Gun Song – Pistol Packin’ Mama by Bing Crosby

Bing Crosby is a famous singer and actor to people of a certain age, performing from the mid 1920s to the mid 1970s. He was a number of musicals and comedy shows, both movies and TV. Very talented guy.

This is his 1943 rendition of the then-well-known song, singing with the Andrews Sisters, a popular trio from the era.

6 thoughts on “Gun Song – Pistol Packin’ Mama by Bing Crosby

  1. Lots of younger folks have gotten acquainted with him and his brother through the “Fallout” video games.

  2. Since it’s the 1943 version- during WWII the U.S. Army Air Corps deployed a version of the B-25 bomber with a 75mm field cannon grafted into the nose. It was nicknamed “pistol packin’ mama”. Thomas Tomlinson, in his book, “The Threadbare Buzzard” recounts their use against the Japanese Forces in the Solomon Island Campaign.
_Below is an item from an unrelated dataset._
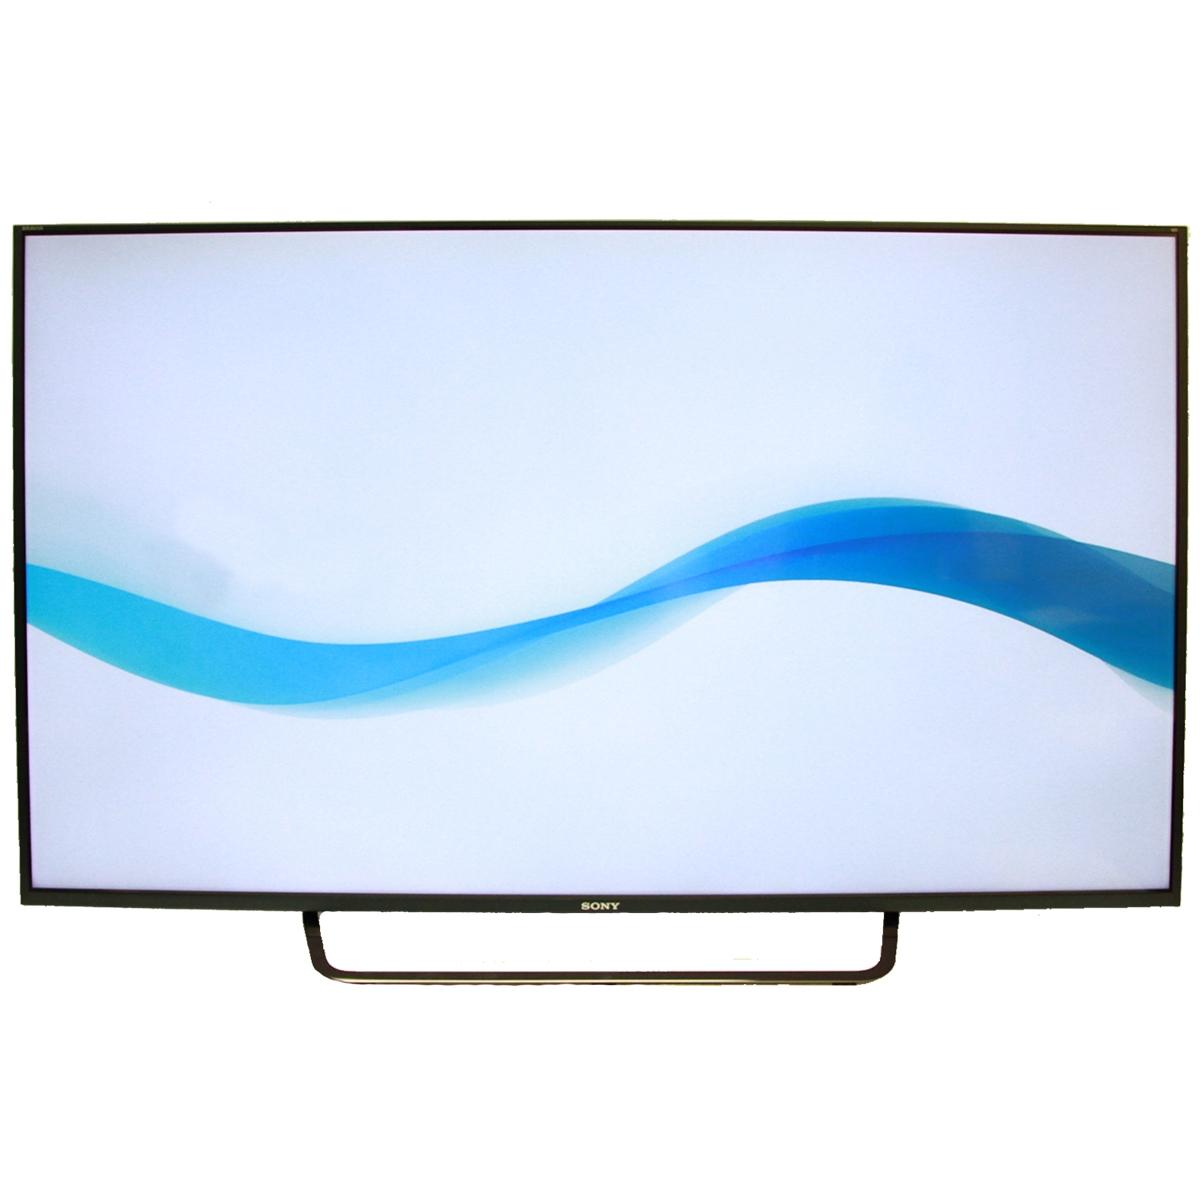 Sony 43inch XBR Series LED 4K Ultra HDTV - XBR-43X830C

    • IIRC, there was another book, something like “Band of Brothers” (but not the Ambrose version), about a B25 pilot in the Pacific. IIRC, he flew the version with the 8 50-cals in the nose, but there was at least one plane in his squadron that had the 75. Wish I could remember the title, but I’d checked it out of the library in the town we were living in at the time, and have moved since. Wasn’t a bad book!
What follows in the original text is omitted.